Analog und abstrakt: Wolfgang Berg vor der Serie „Licht“. Foto: Susanne Müller-Baji

Im Bezirksrathaus Stuttgart-Weilimdorf sind Arbeiten des Fotokünstlers Wolfgang Berg aus Botnang zu sehen.

Stuttgart-Weilimdorf - Von wegen: Was man im Beweisfoto festgehalten hat, muss auch wahr sein. Die Bildbearbeitungsprogramme auf Computer, Tablet und Smartphone sind echte Wunderkammern – die meisten Nutzer ahnen es nur nicht. Da kommt die neue Ausstellung in den Weilemer Amtsgängen gerade recht: Der Botnanger Fotograf Wolfgang Berg hat seine Exponate praktisch mit Digitalkamera und Photoshop gemalt. Zumindest die meisten davon.

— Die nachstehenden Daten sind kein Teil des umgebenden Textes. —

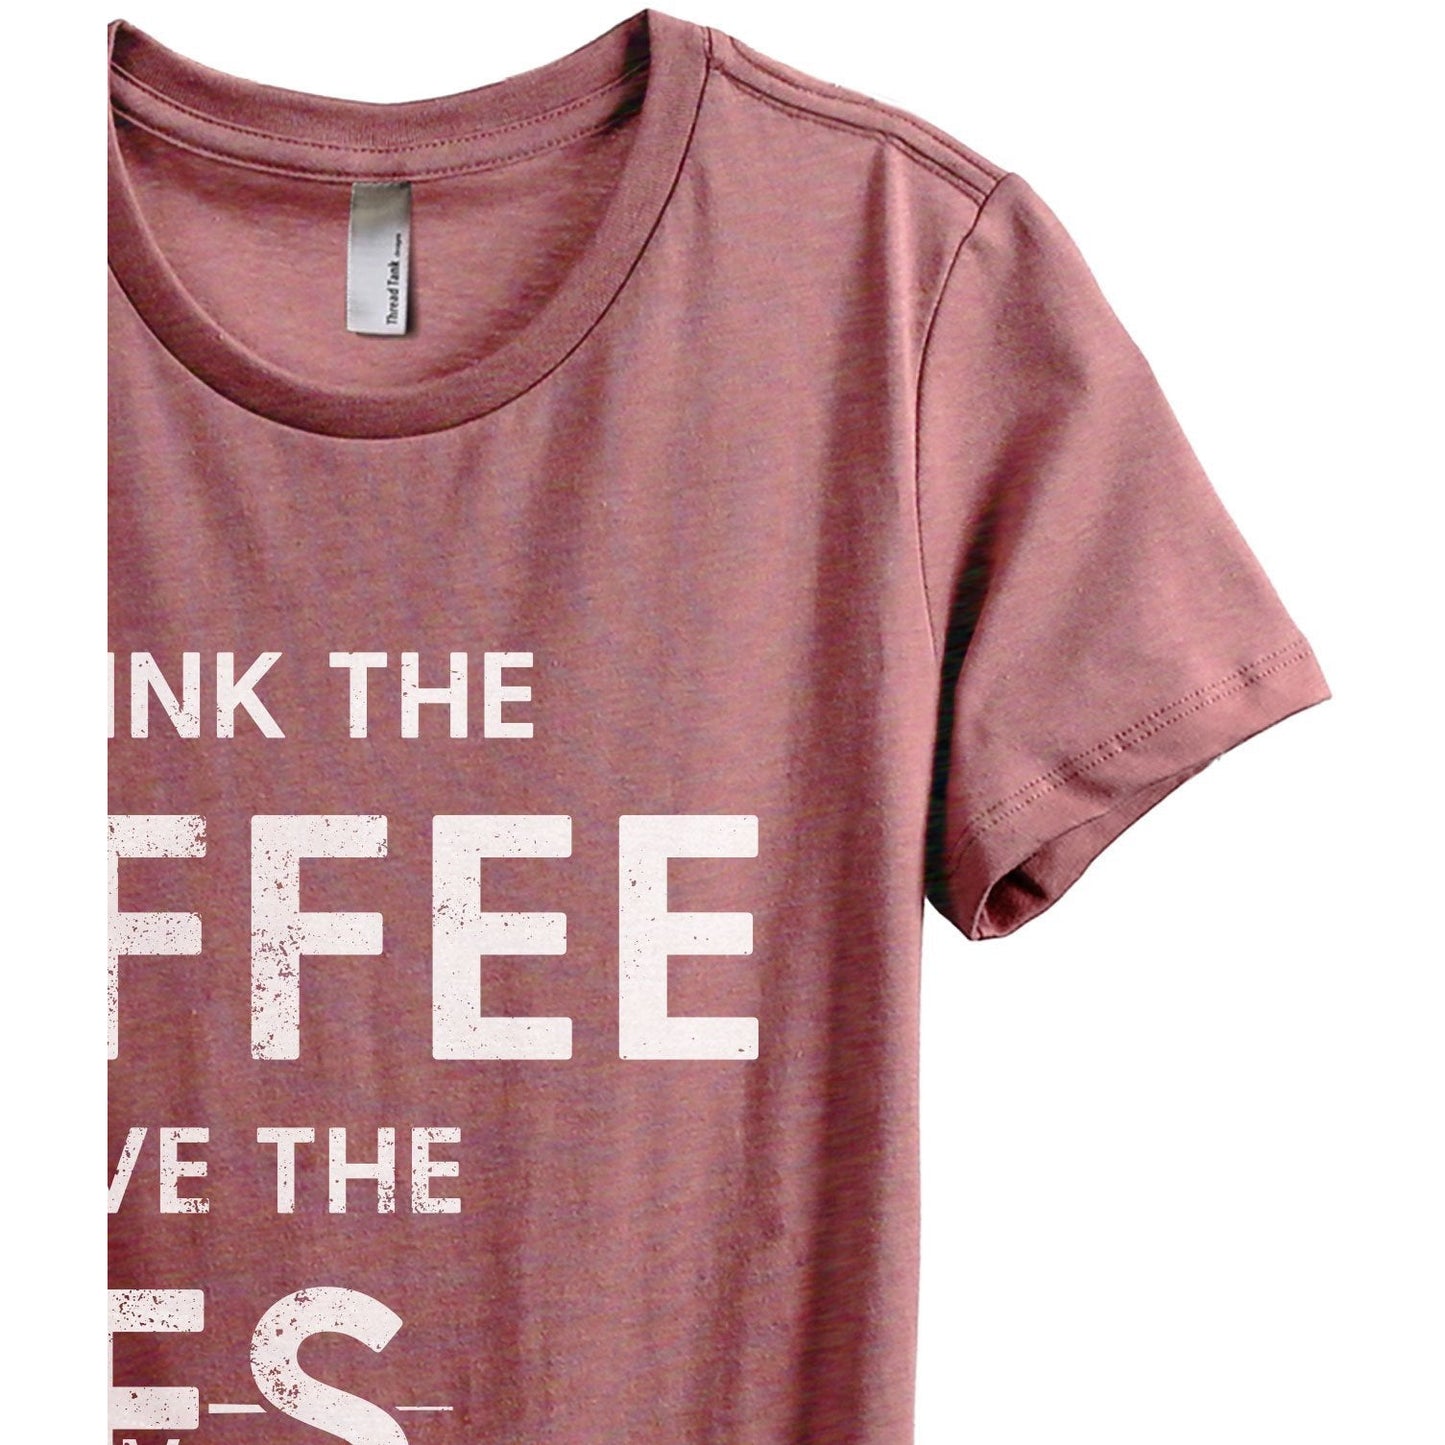 First I Drink The Coffee Then I Save The Lives Women's Relaxed Crewneck T-Shirt Top Tee Heather Rouge Zoom Details

Die Lilien stehen da, wie von den Alten Meistern auf Leinwand gebannt, könnten ebenso ein in Öl gemaltes Stillleben sein. Jedoch, die Illusion ist das Ergebnis von Bildbearbeitungsfiltern. Wenn ein Programm so einfach Oberflächenstruktur und Darstellungsweise imitiert, ist das keine Kunst, werden Skeptiker sagen. Allerdings belässt es Wolfgang Berg dabei auch nicht: Er schichtet, filtert, manipuliert und verfälscht, bis vom eigentlichen Motiv nicht mehr viel übrig ist. Kurz: Er nutzt die Möglichkeiten moderner Computer-Software gerade so, wie ein Maler die Farben auf seiner Palette anmischt. Der heute in Botnang ansässige Industriedesigner hat im heimischen Krefeld ein Fotostudium an der Werkkunstschule absolviert. Es folgte die Arbeit für Werbeagenturen, Landschaftsarchitekten und Architekturbüros – und schließlich der Wechsel in die Produktfotografie für einen Konzern. Viel Raum für Fantasie lässt diese Tätigkeit nicht. Aber Berg lotet dafür aus, was in der modernen Elektronik steckt. Er erzählt von der aufwändigen Ausrüstung, die früher Teil eines jeden Fotostudio war. Heute sind Filter und Apps für jedermann erhältlich, stecken zum Teil sogar in den handelsüblichen Smartphones.

Der Ausstellungsrundgang wird da auch zum Versuch, den fotografischen Kniffen auf die Schliche zu kommen. Die „Rote Treppe“ etwa gibt es wirklich, in der Essener Zeche Zollverein, wie er erzählt. „Es gefällt mir, wie sie jetzt ins Leere läuft“, erklärt Wolfgang Berg; aus den Fenstern im Hintergrund hat er reduzierte schwarz-weiße Gitter gemacht. Bei anderen Aufnahmen hat er die Tiefenschärfe gekonnt verlagert oder den Motiven die sepiafarbene Nostalgie alter Fotografien verliehen.

Höhepunkt der fotografischen Malerei und ihrer Abstraktion ist die Serie „Licht“ in der die Primär- und Sekundärfarben um die Wette leuchten. Das zugrunde liegende Motiv sei eine Kerze und ihre dreifache Reflexion gewesen, erzählt der Fotokünstler. Davon haben sich die sieben Aufnahmen aber völlig gelöst, geblieben ist nur das Spiel mit den Farbbrechungen.

Doch nicht alles ist im Computer entstanden: „Da habe ich nicht beschissen“, sagt Wolfgang Berg gut gelaunt und zeigt ausgerechnet auf eine Arbeit, in der die Wolkenkratzer mit großer Geschwindigkeit gen Himmel wuchern. Es könnte sich auch um das vormalige World Trade Center handeln, doch tatsächlich hat der Fotograf hier Frankfurter Hochhäuser abgebildet. Wie er’s gemacht hat? Einfach Berg bei der Vernissage danach fragen und ins Fachsimpeln kommen.

Info Die Ausstellung eröffnet am Donnerstag, 23. März, 19 Uhr, im Bezirksrathaus, Löwen-Markt 1, und ist bis 21. Mai zu sehen. Geöffnet ist montags bis mittwochs, 8 bis 17 Uhr, donnerstags, 8 bis 18 Uhr und freitags, 8 bis 13 Uhr.